# Humperdink, hump hump hum huh?



## Sam375 (Feb 2, 2009)

OK, so Harry was neutered at an early age, around 4-5 months, still squats to pee, so I ask, WHY IS HE STARTING TO HUMP? He will be 2 years old in October.
He will hump a toy, pillow, or a person in the family, now it's not extreme or all the time. 

So, of course is this just a display of trying to be dominate? He got so excited when my husband came home from work one day that as soon as he was in the door he tried his leg:dance:

I guess catching him right before he does it is the best way to train him not to do it?


----------



## galaxie (Dec 1, 2009)

Sounds like dominance to me!


----------



## Missy (Nov 6, 2006)

There is some thought-- that it is not dominance at all, but play. Sex play at that! but play none the less. My boys are equal opportunity humperdinks! but with each other not with us. We used firm NO's when it came to people.
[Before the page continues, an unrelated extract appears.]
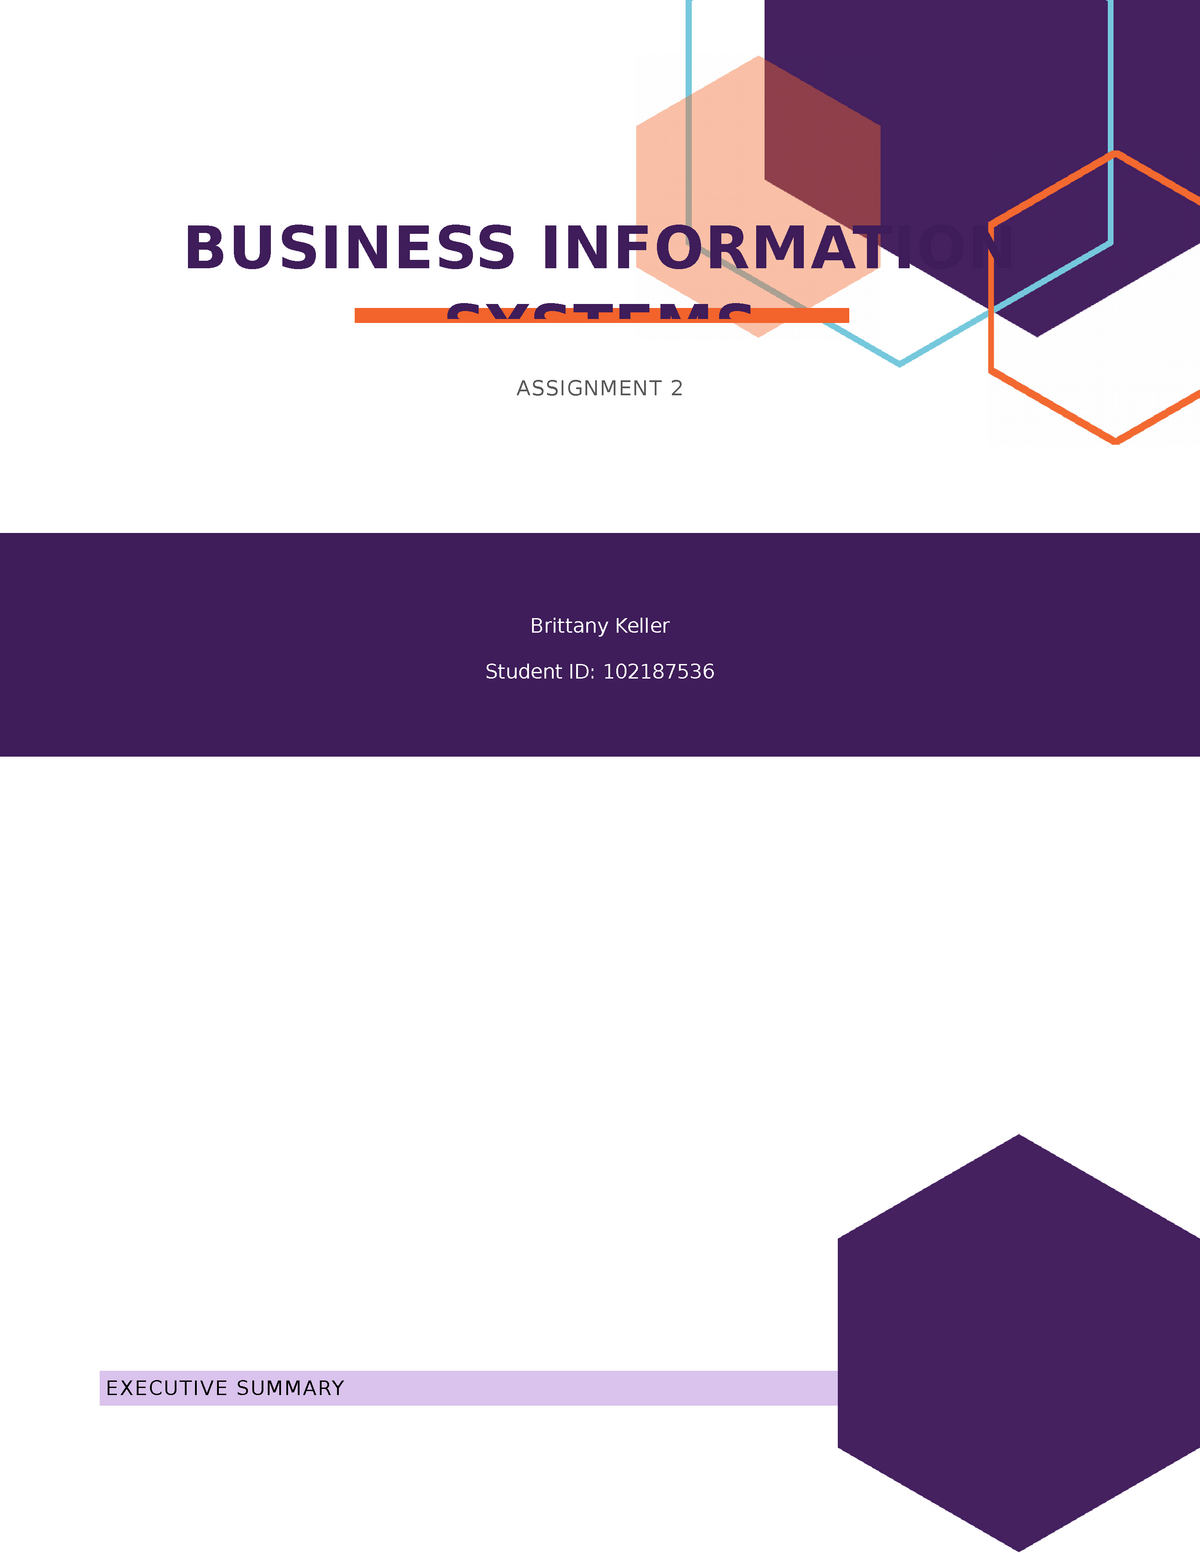 rmit business information systems assignment 2
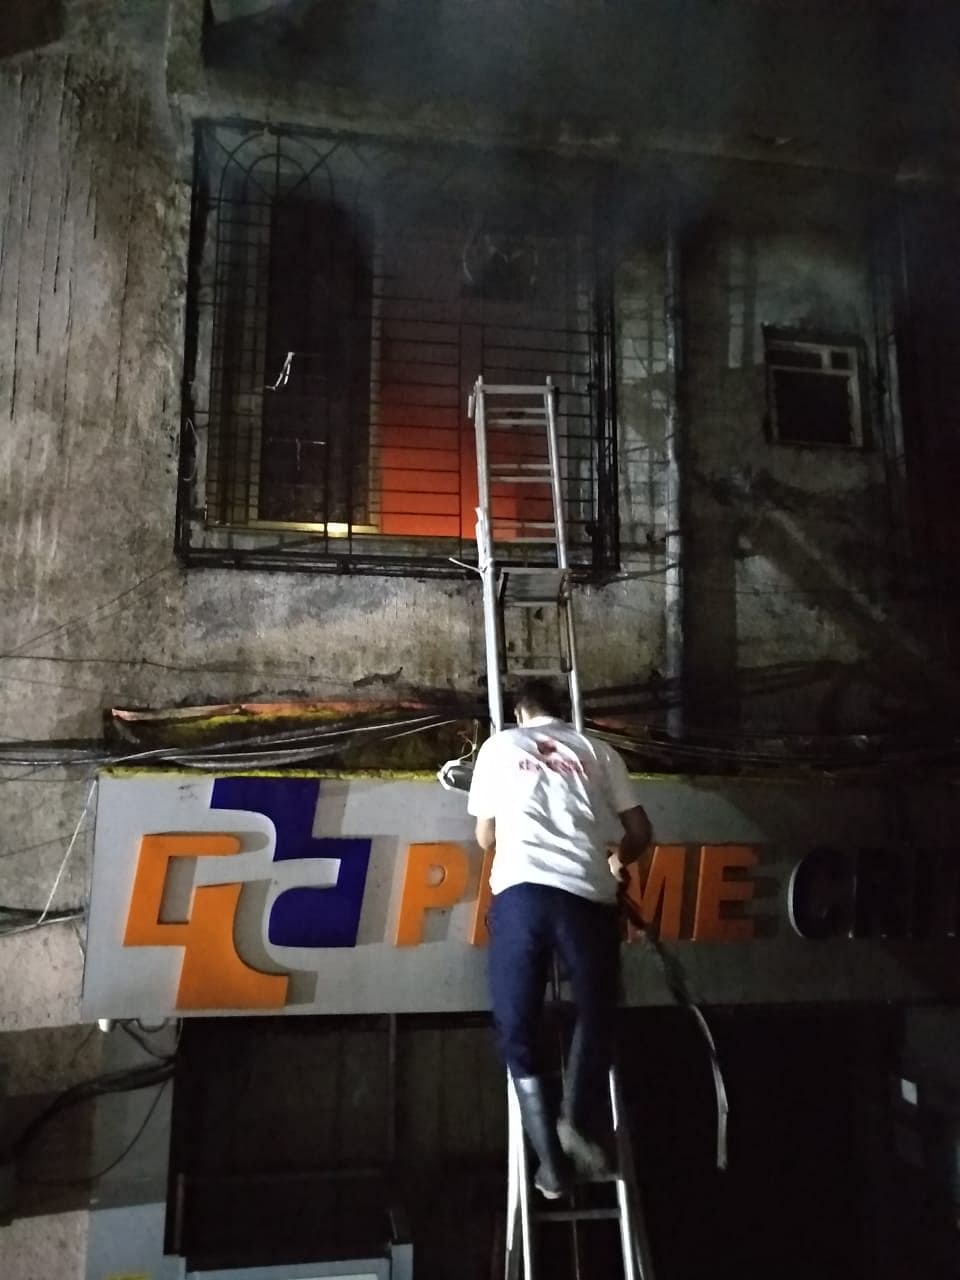 Thane Municipal Corporation officials told ANI that two fire engines and one rescue vehicle were on site.

here's an article dave posted

http://www.dogsincanada.com/oh-behave-love-and-mounting

so according to the article, your husband is a playmate


----------



## davetgabby (Dec 29, 2007)

Missy said:


> There is some thought-- that it is not dominance at all, but play. Sex play at that! but play none the less. My boys are equal opportunity humperdinks! but with each other not with us. We used firm NO's when it came to people.
> 
> here's an article dave posted
> 
> ...


Thanks Missy ,you saved me from digging it out again. LOL


----------